Thankfully nobody was hurt. Grandma W was half Native American Indian and she gave birth to all but one child at home.
Anyway, growing up in Atlanta I was always closer to my dad’s side because they were geographically closer. My mom’s side moved to Philly in the late 50’s so I only saw them once every 10 years or so whereas I saw my dad’s side almost every summer, if only for a weekend.
I was often a little uncomfortable visiting Philly because Grandma Z lived in “the hood”. I mean blocks and blocks of row houses no more than 15 feet wide. You have to understand something. While you may call me DT, I am actually Carlton from Fresh Prince of Bel-Air. I grew up on an upper middle-class street that had three houses in the space of a football field. Grandma’s neighborhood had 20 houses in the same distance. No grass nor white people for miles. The kind of neighborhood where if you were out after dark you were probably up to no good. The backyard was roughly a 10×10 foot area…from her backdoor to the backdoor of the house behind her is about 25 feet. The dudes around here were what my friend Harold would call “hard brothas”. Poverty, drugs, alcohol were rampant.

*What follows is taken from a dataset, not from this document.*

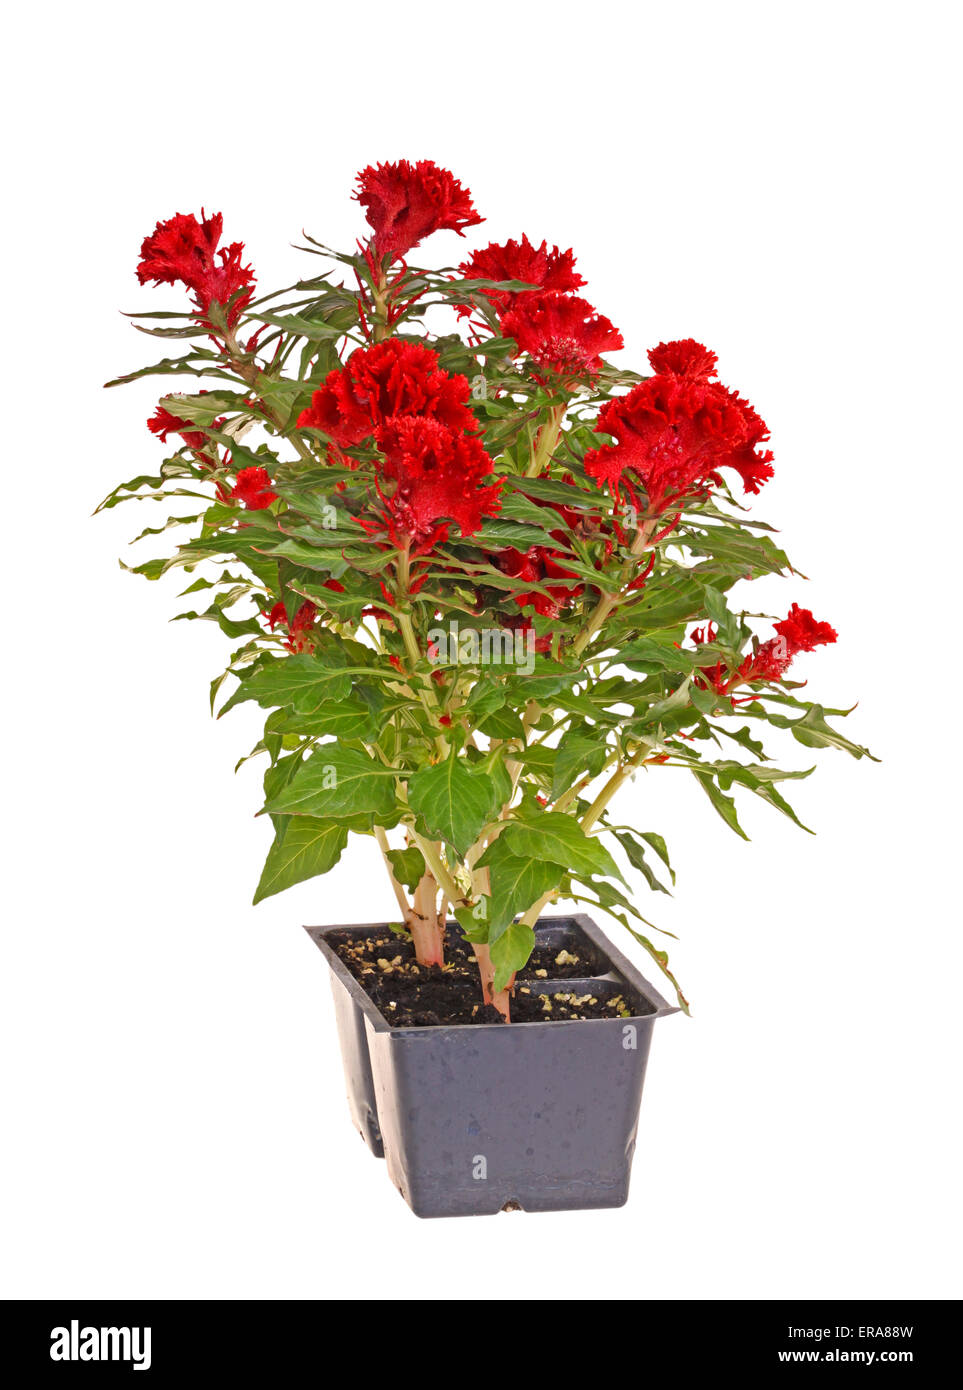 Fleur rouge celosia (cockscomb) prêt pour la transplantation Banque D'Images

Grandma Z had one of those freestanding tubs with the lil feet like you see on tv…only not nearly as nice. I was always afraid something would come running out from under it and grab my leg while I was getting out. Man, I hated that tub. I was one chickensh*t lil fugga though. I woulda gone the whole summer without taking a bath if I could have. The truth is Grandma Z did not have rats or mice and I can’t recall ever seeing anything under that tub. Nevertheless, I was convinced the Loch Ness Tub Monster did indeed exist.
There was one thing I did enjoy though. Well two actually. Every once in a while my cousin Tracey and I would get money to go to the store a few blocks away. We’d come back with a soda and a Tastycake and all was right in the world. The other good thing was “city swimming”. What’s that, you say? Well there wasn’t a swimming pool for miles but when it got really hot the fire dept would come around and open one of the fire hydrants for an hour or so. All the kids would splash around like it was the first time we’d ever seen water until they cut it off.

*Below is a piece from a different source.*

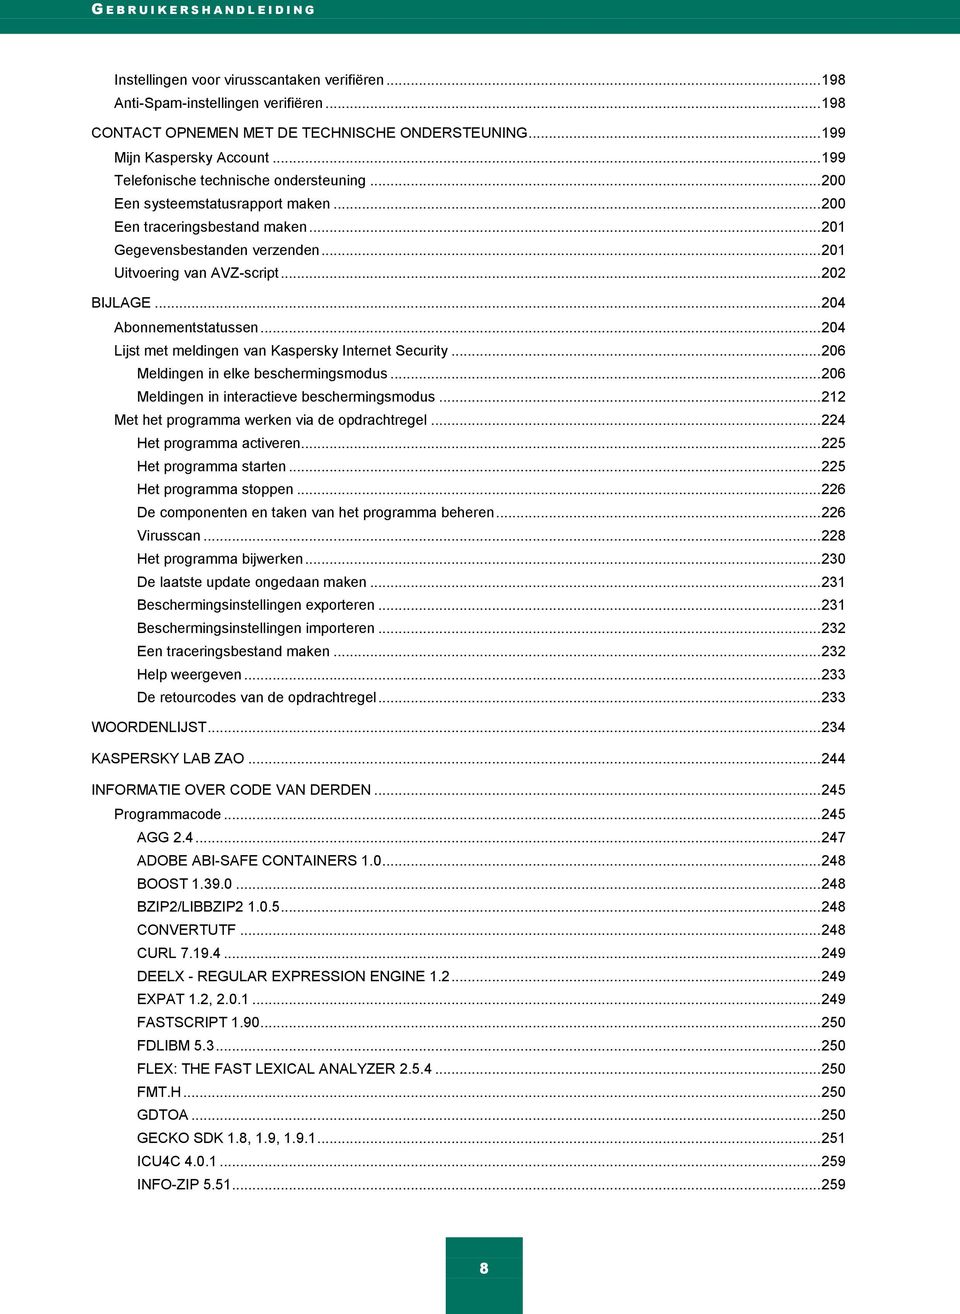 .. 201 Uitvoering van AVZ-script... 202 BIJLAGE... 204 Abonnementstatussen... 204 Lijst met meldingen van Kaspersky Internet Security... 206 Meldingen in elke beschermingsmodus.

I could go on for a while but frankly, it’s late and I’m getting tired. Another reason I had a hard time memorizing names in my family is because so many of them go by nicknames. Once a cousin from Virginia came to stay with us in Atlanta for the summer. Everybody in the family calls him “Handsome”. I think I went the entire summer not knowing what his real name was (true story). I saw him in Philly and he was in the hotel room next to me and dad. Once again I had to ask Mom what the heck his name was….it’s Leroy, Jr.
Anyway, I’m going to wrap this blog up with a shout out to all my relatives that have a nickname. So “big ups” to Noot, Crunchy, Tiny, Roshaun, Handsome, Fat, Buddy, Snookie, T-mont and the 425 others I can’t remember.